My underwear is the first thing I think to get.

This wasn't why I came. I came with the high expectations of having a conversation with my mother, I came with really stupid idealistic images of my mom and I forgiving and forgetting and hugging and crying and living out the scripted versions of our lives.

She thinks that red is my colour, that that European will like red on me, she can make me something in red when she gets a job, it's going to be the first thing that she's going to do for me.

So, a few pairs of underwear-none of which is red, are grasped into my hands and stuffed into the rack sack which I find beneath my bed.

Maybe I'm stalling.

I'm waiting for her to say something, or for something to change, for the world to change its spin on its axis.

A few more vests and blouses are manhandled into my bag, and I'm still waiting.

I take in a deep breath, and decide to change it for us.

"Mom? Mom, will you be quiet for a second?"

I'm vaguely surprised when she takes the time to stop talking and to look at me.

"Mom," I shake my head. "Maggie. Maggie this has got to stop, you have got to stop this."

"Stop what Abby?"

Predictable.

I feel the resentment surface. I make a movement to display the mess around me. "Stop with this, stop with me having to come home and find you slumped against my bed without even a phone call telling me youre going to be here, I need for you to stop screwing my life up. I need for you to take your meds."

There's a silence. A long silence that is filled with a million unspoken tears and a million pieces of broken china and a million glasses of distilled liquor.

It's a familiar silence.

Abby, why are you saying these awful things, what have I done Abby? We forgave each other Abby, Abby, why much you continue to be such a bitch, Abby, why are you doing this to me Abby? Abby's my daughter, when is Abby going to start acting like my daughter?

And on and on and on, until the words blur into a million unspoken tears and a million pieces of broken china.

I will not cry. I will not cry. I will not cry.
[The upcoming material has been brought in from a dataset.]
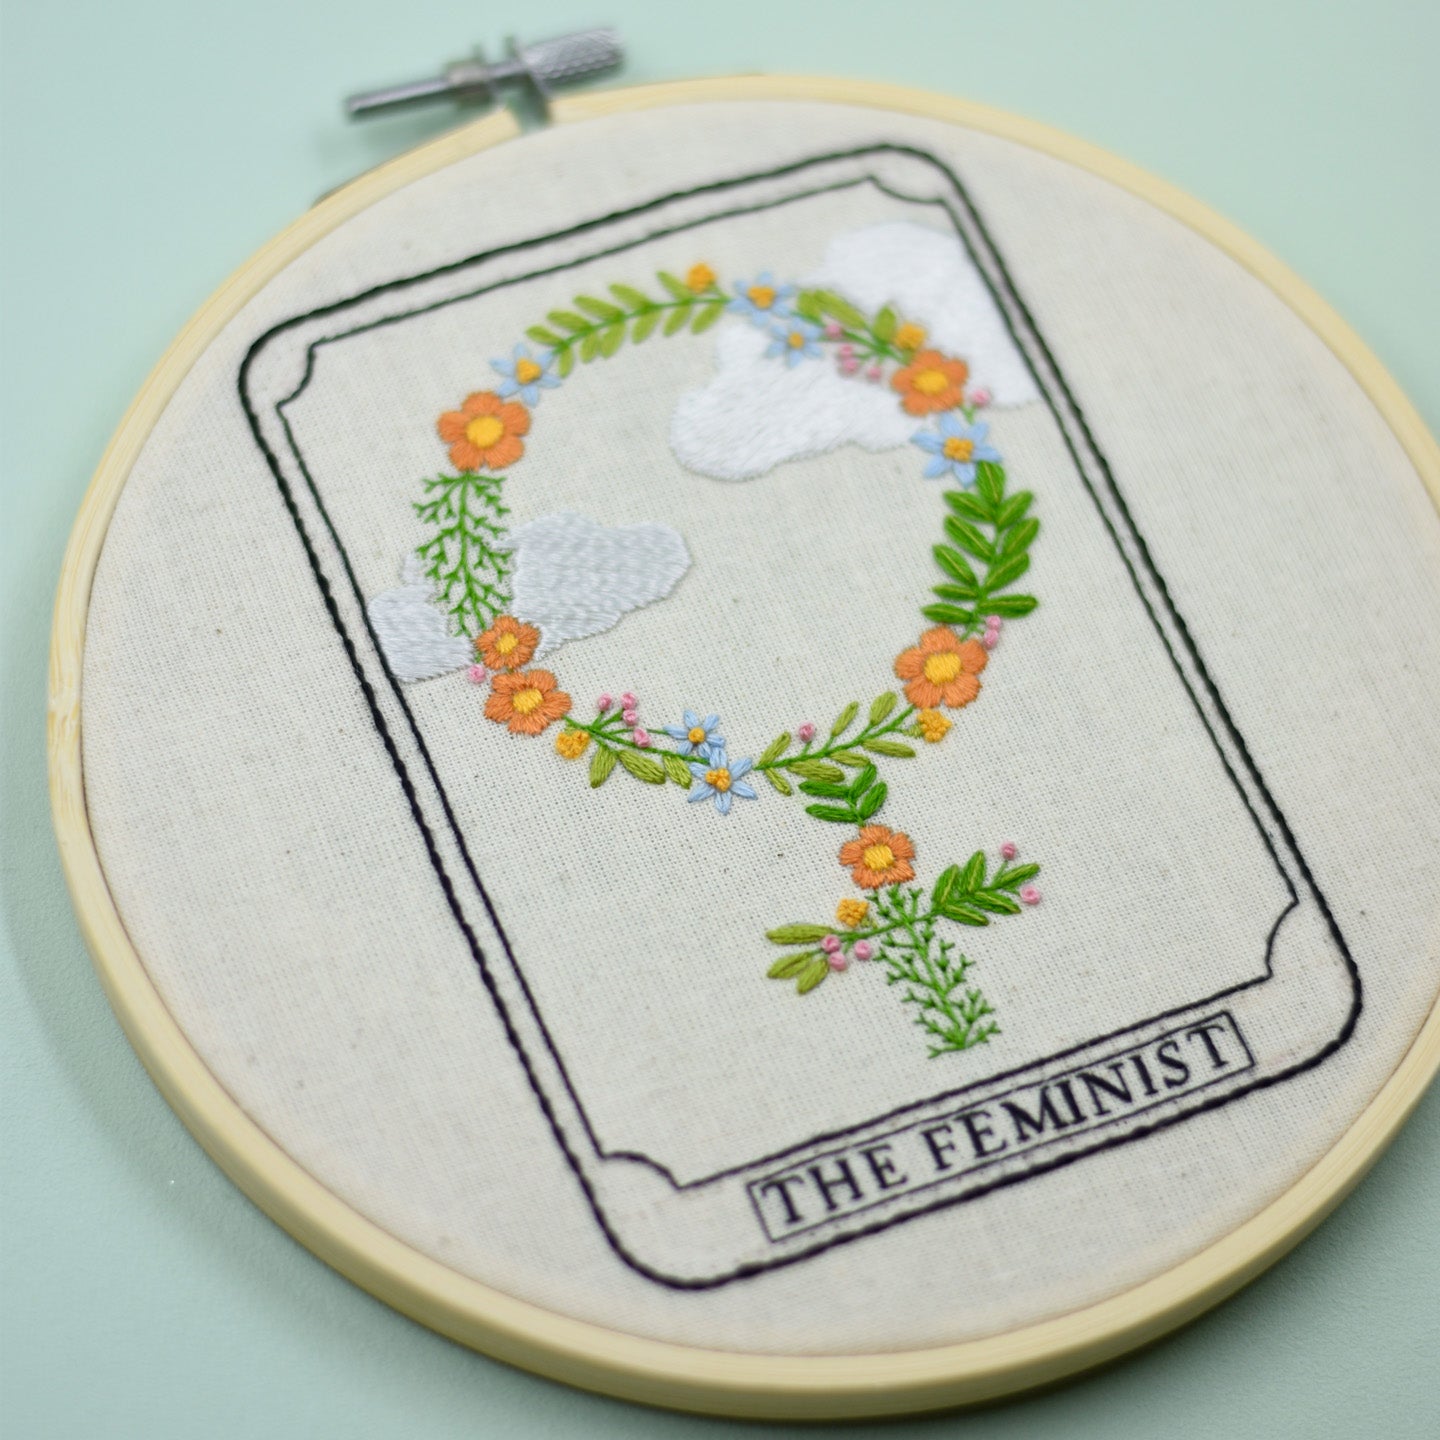 The Feminist Tarot Digital Embroidery Pattern

My mission to obtain underwear has been aborted. My mission to bring about some form of resolution, some form of hunky dory to my life has been aborted.

I grab my bag, and sighing walk past my mother, into the hallway, and away from the empty taco bell filled lives.

She follows me.

Tells me what an ungrateful 'obscene noun' I am, what an awful unforgiving 'word for a female dog' of a daughter that I am. Abby's going to hell, does Abby know that?

"Save me a window seat, Maggie."

Predictable.

The cold bitter sting of Chicago greets me as I begin at a run in front of my apartment. It feels good. Comforting.

And then I run harder, faster, until the only thought I have left is of another life, another family, and of a million filled silences.

A million ways to forgive and forget.